TO DO: Give again only the lines from the line that holds "Full frame shot of sand dunes in desert" to the end of the data, inclusive, omitting all pictures.

DATASET SECTION:
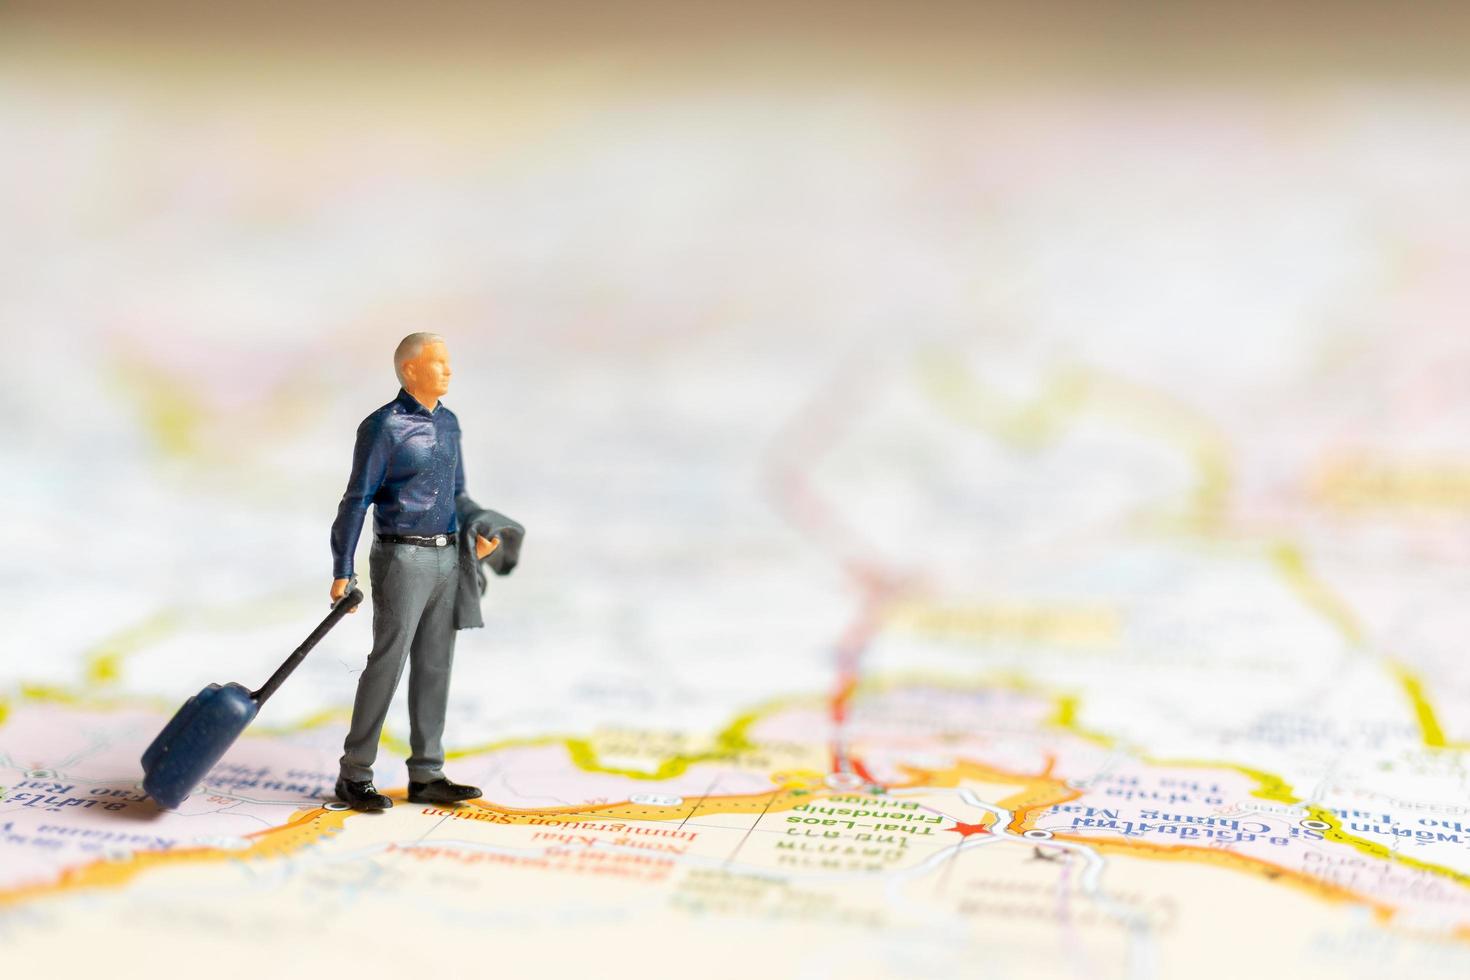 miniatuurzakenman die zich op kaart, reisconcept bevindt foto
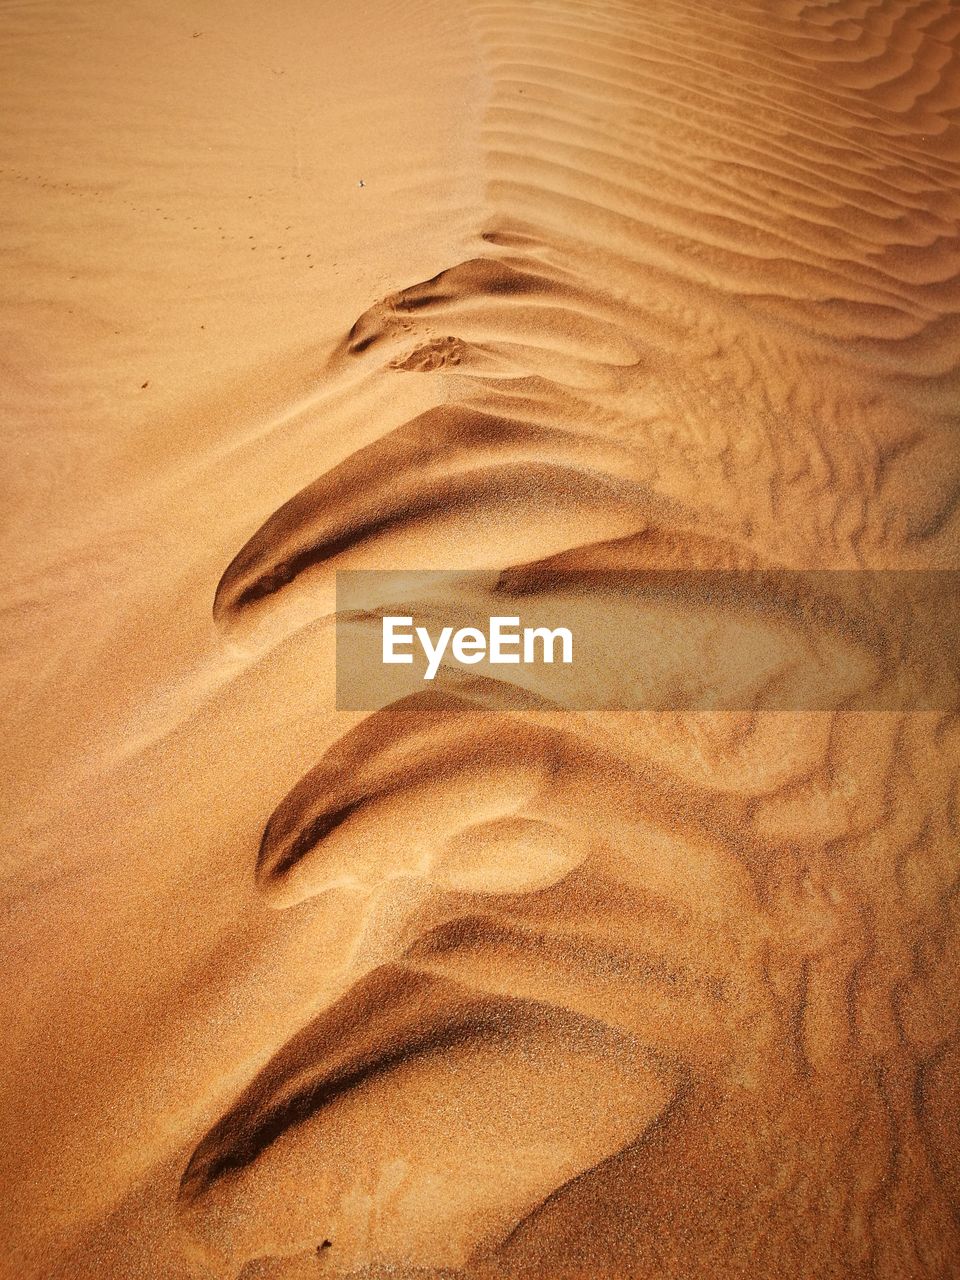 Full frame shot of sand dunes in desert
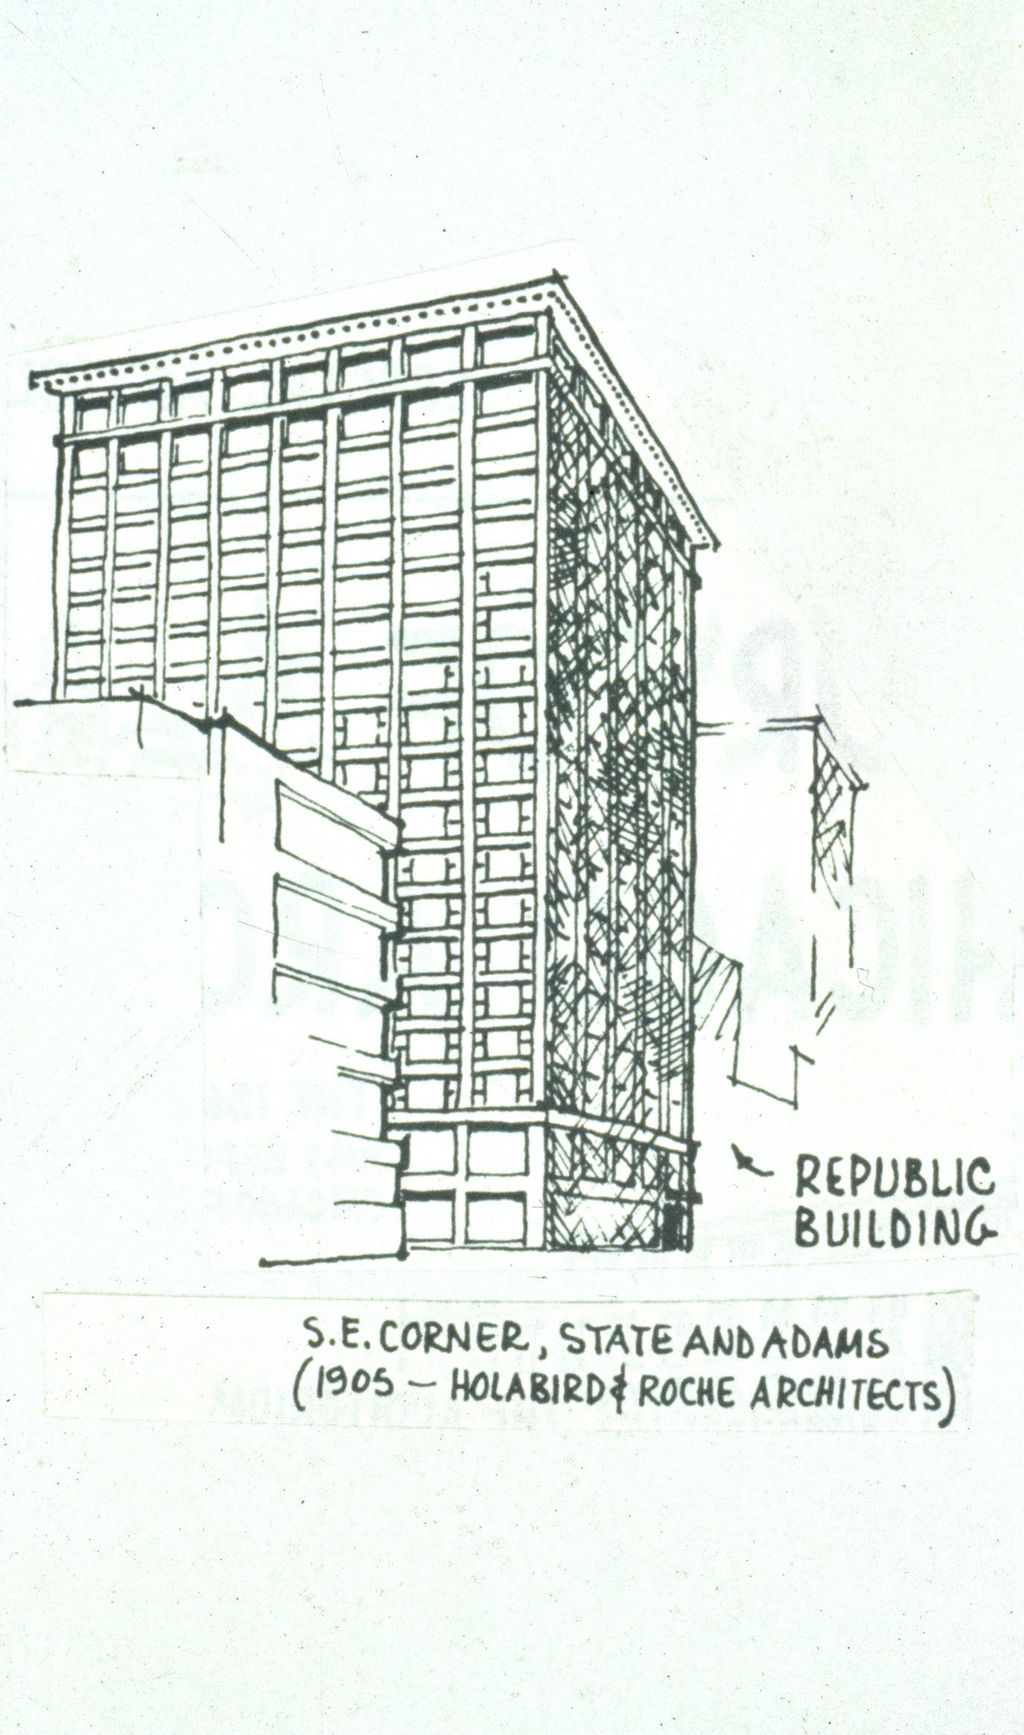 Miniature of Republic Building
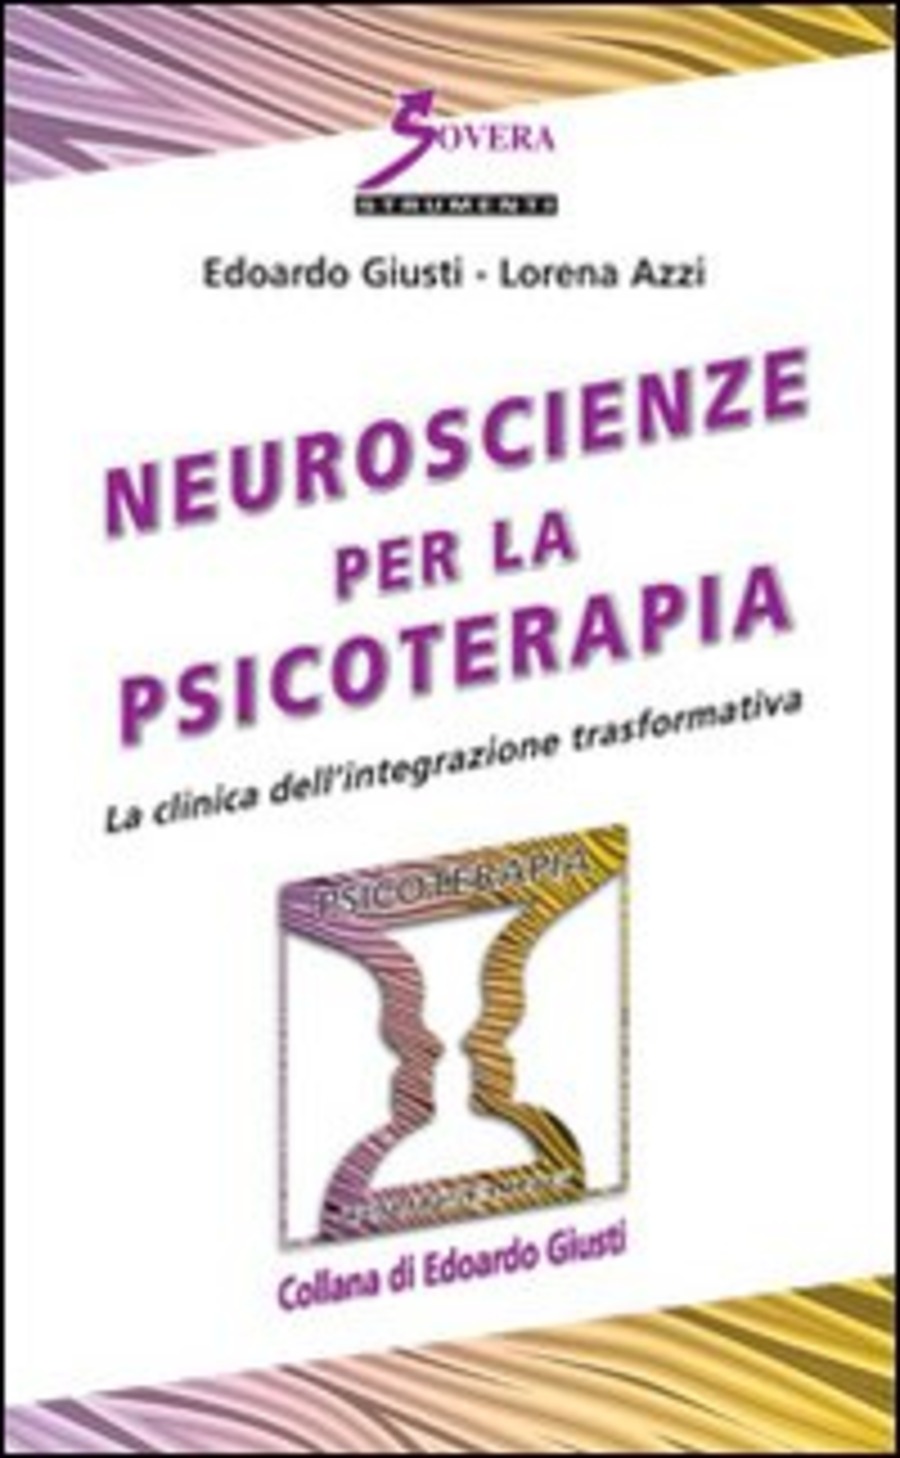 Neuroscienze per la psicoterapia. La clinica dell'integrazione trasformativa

SOLUTION:
 Full frame shot of sand dunes in desert
 Miniature of Republic Building
 Neuroscienze per la psicoterapia. La clinica dell'integrazione trasformativa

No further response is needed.